● TASK DETAILS: Leave the pictures out, and repeat exactly every line from the one with "Bok, helfranskt band" through the end of the data below.

··· SOURCE MATERIAL ···

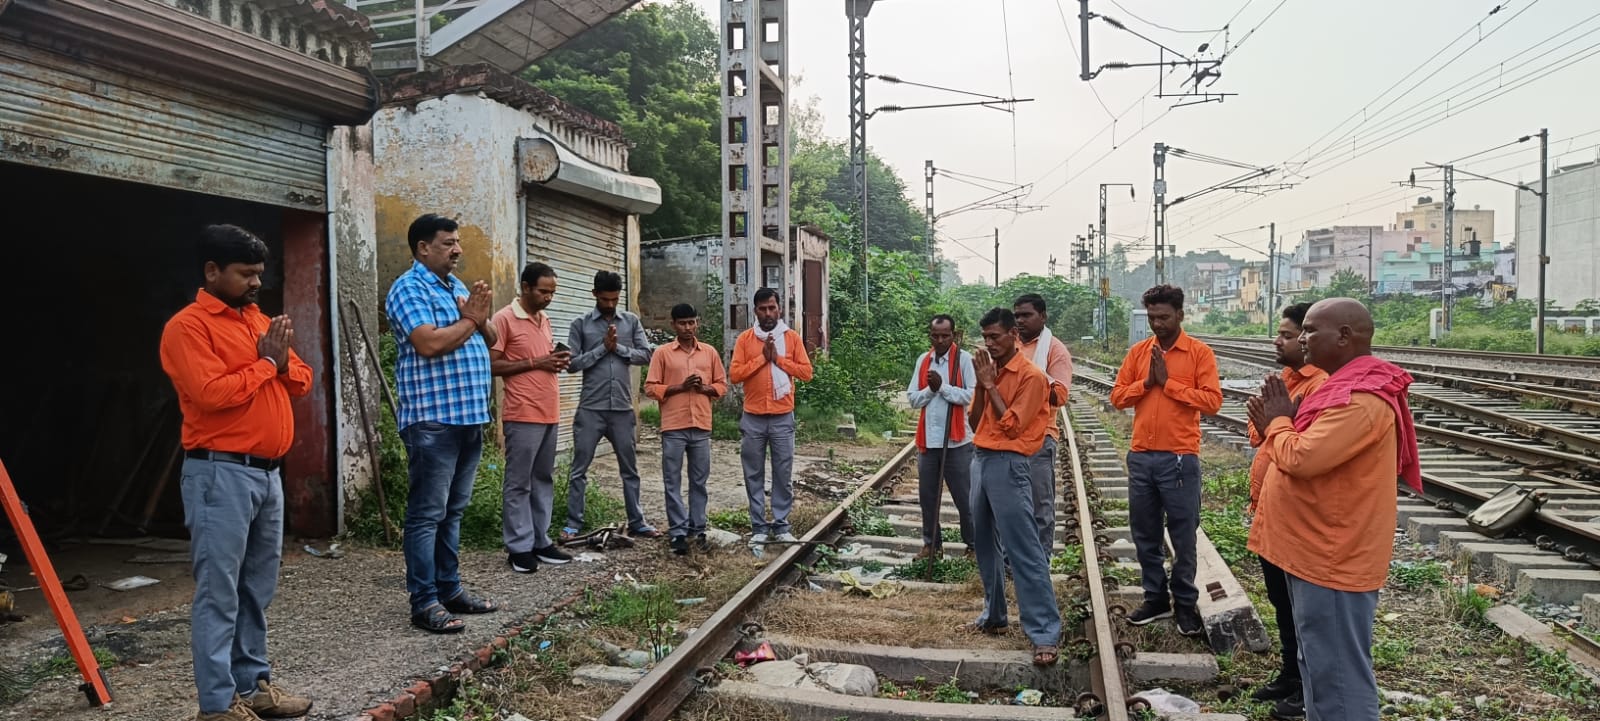 रेल कर्मियों का बलिदान भुलानाअसम्भव: नरेंद्र त्यागी | New India Times
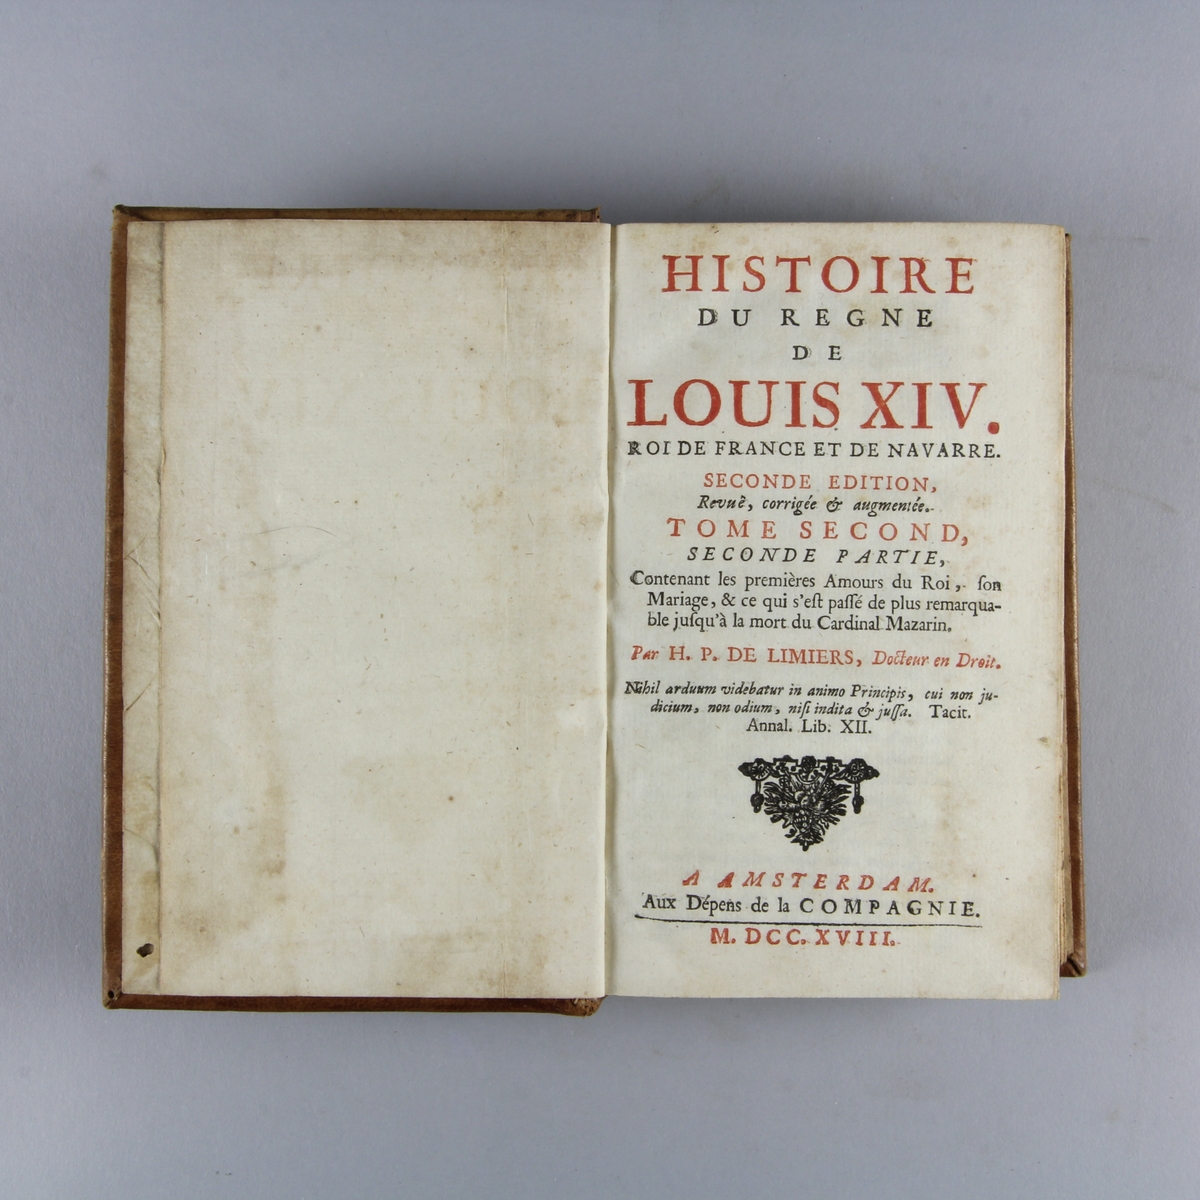 Bok, helfranskt band "Histoire du regne de Louis XIV" del 2:2. Skinnband med guldpräglad rygg i fem upphöjda bind, skuret rödstänkt snitt.
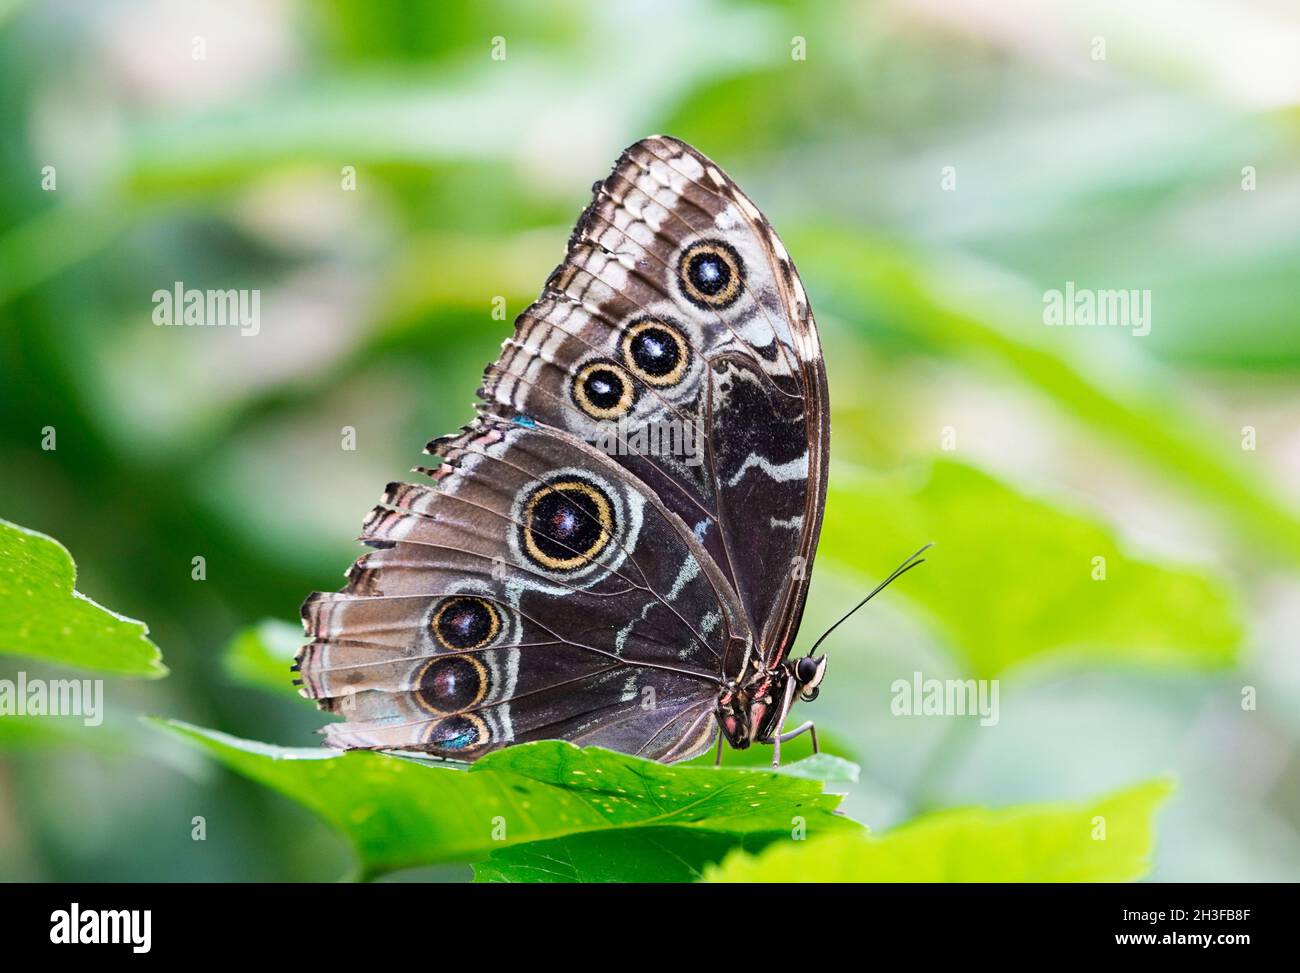 Cierre lateral de una mariposa morfo en una hoja verde. Mariposa con alas blancas marrones. Foto de stock
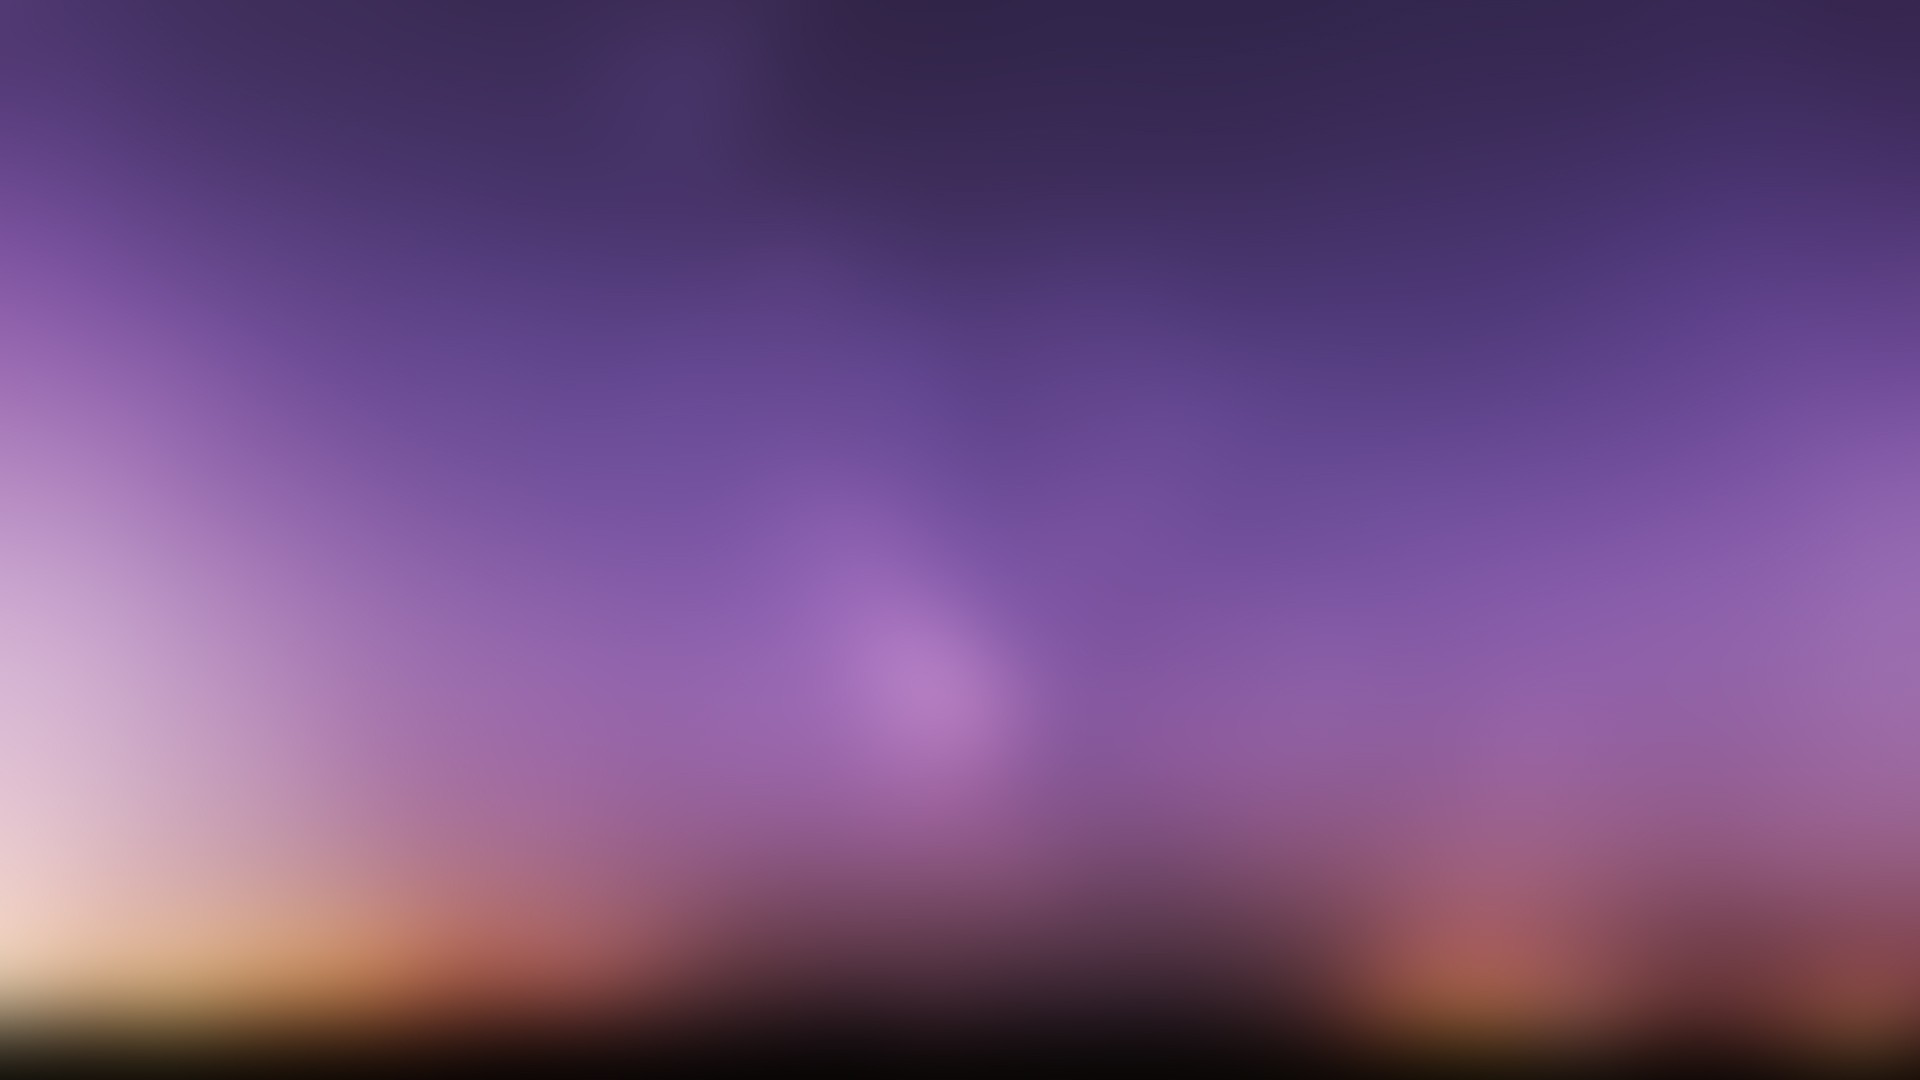 General 1920x1080 minimalism blurred gradient purple

···

● RESPONSE FOR THIS EXERCISE:
 Bok, helfranskt band "Histoire du regne de Louis XIV" del 2:2. Skinnband med guldpräglad rygg i fem upphöjda bind, skuret rödstänkt snitt.
 Cierre lateral de una mariposa morfo en una hoja verde. Mariposa con alas blancas marrones. Foto de stock
 General 1920x1080 minimalism blurred gradient purple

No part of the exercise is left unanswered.